To understand the scale of operation, take into consideration a meta-analysis of 22 national and regional inventories (2014–2019) that identified more than 350,000 distinct chemicals and mixtures that have been registered for global commercial use to date [5]. But only a tiny fraction is actively monitored, and barely a few hundred appear on priority pollutant or contaminant lists [6]. This gross disparity underscores a critical surveillance and knowledge gap: many ECs remain uncharacterized, unquantified, and unregulated, despite their potential ecological impacts Additionally, the United Nations Environment Programme (UNEP) observed that ECs often escape removal by conventional treatment technologies, thus coming under heightened scientific and regulatory scrutiny [7]. Despite the long-standing presence of ECs and toxins, our scientific understanding of them is still evolving.

The monitoring approaches employed currently remain localized and heavily reliant on laboratory-based testing, which limits real-time detection and rapid response rates. There is, therefore, an urgent need to develop and integrate innovative sensing and analytical frameworks capable of identifying ECs efficiently and adaptively. We aim to compile and highlight the impact ECs have on global water safety and determine how advanced sensor technologies are when integrated with digital tools such as the Internet of Things (IoT), artificial intelligence (AI), machine learning (ML), geographic information systems (GIS), and cloud-based analytics, which can enhance real-time detection of ECs. Recent case studies were reviewed for the assessment of EC types, global contamination patterns, and current state-of-the-art for EC detection and their limitations. By evaluating current research, identifying technological and infrastructural gaps, and proposing integrative strategies, this Opinion article seeks to contribute to the advancement of a scalable, standardized, collaborative approach for safeguarding water quality and public health worldwide.

2. Global Impact

A scientifically grounded overview of the development, distribution, and subsequent implications of ECs in global water systems is required for the refinement of detection and monitoring methods. A major objective of this work is the illustration of the collective effect of EC contamination on various economies, with an emphasis on human health and ecosystem stability. The case studies were selected based on geographical diversity and data availability from peer-reviewed, high-impact studies and reports of reputed institutions including The World Health Organization (WHO), Global Commission on the Economics of Water (GCEW), and other EU monitoring programs. The significant and rapidly escalating damage that ECs cause and the subsequent implications for both economies and ecosystems have been highlighted in Figure 1. The global demand for freshwater is projected to increase by approximately 55% by 2050 [8], intensifying shortages that are already contributing to the migration of populations. But even in areas with guaranteed water availability, safe consumption is often not assured. A recent analysis by the GCEW indicates that water-related challenges could reduce roughly 8% of global GDP (gross domestic product) by 2050, with losses of up to 15% in developing economies (without remedial action) [9].

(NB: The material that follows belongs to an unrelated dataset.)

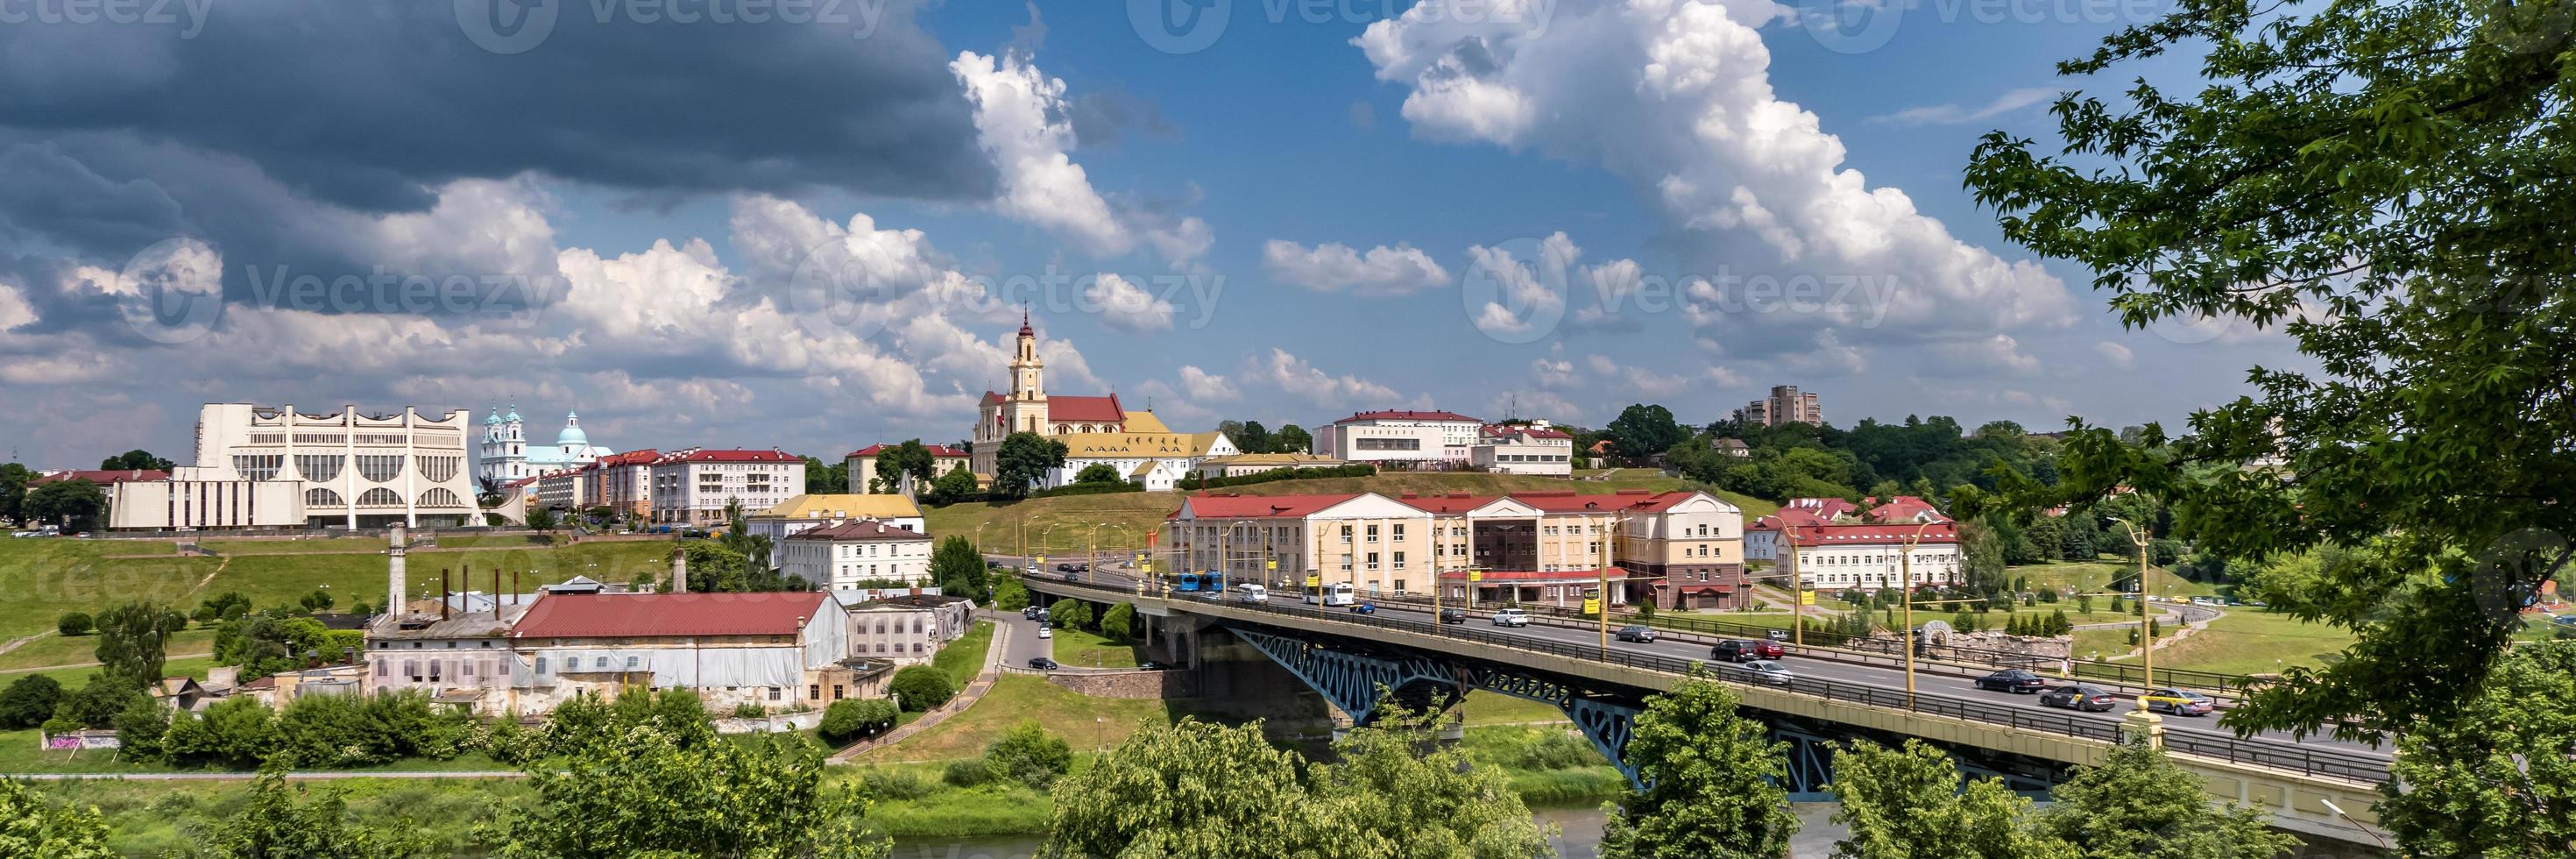 panoramapromenade met uitzicht op de oude stad en historische gebouwen van middeleeuws kasteel in de buurt van brede rivier foto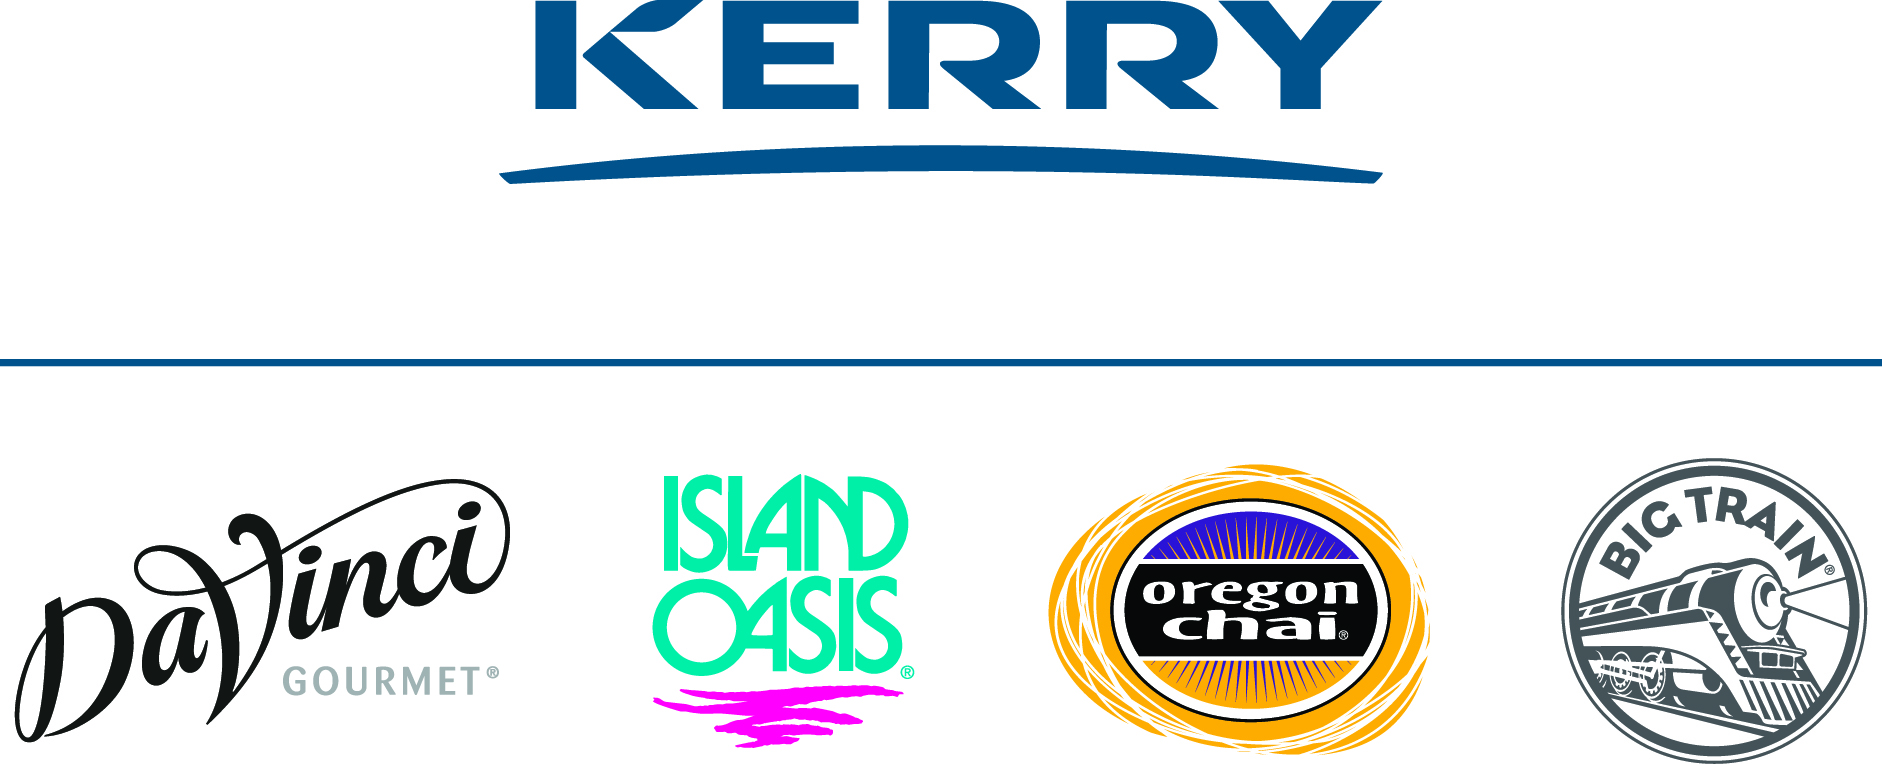 Kerry Logo.jpg

The growing ecological impact of ECs is becoming increasingly apparent. Many wildlife species in waterways are exposed to pharmaceuticals and other pollutants discharged from urban centers, where tiny plastic beads and nanoparticles accumulate in food webs and disrupt ecosystems; chemical contaminants are now considered a leading cause of extinction for a number of wildlife species [10]. Trace-level ECs elicit physiological stress responses in organisms ranging from zooplankton to birds, while PFASs bioaccumulate in fish and birds and impair reproductive and immune function [11]. Contrary to popular belief, the bigger crisis is not the exhaustion of water but the depletion of clean water [12]. Polluted water, air, and soil are linked to millions of premature deaths each year [13], and endocrine-disrupting chemicals, including BPA, parabens, and PFASs, interfere with hormones at parts-per-trillion (ppt) concentrations [11]. Cyanotoxins produced by harmful algal blooms pose threats to public health, ecosystems, and fish populations [14], while residues of antibiotics accelerate the spread of ARBs and genes, which present one of the largest public health risks today [9]. Similar trends are also observed across countries and continents. Some pertinent case studies have been highlighted as follows:

2.1. Asia

Kulathunga and colleagues reported that 23% of the rice samples analyzed in the Polonnaruwa district, Sri Lanka (where the prevalence of chronic kidney disease of unknown etiology (CKDu) is higher) exceeded the permissible limit for the total daily intake (TDI) of lead (Pb) [15]. Additionally, analysis of the hazard index for cadmium (Cd), arsenic (As), and lead (Pb) indicated that 26% of the rice samples could pose a health risk to consumers in this population [15]. An audit of commercial (bottled) jar water in Bangladesh detected arsenic and thermotolerant coliforms in nearly half of the brands on sale, highlighting significant and serious regulatory oversight [16].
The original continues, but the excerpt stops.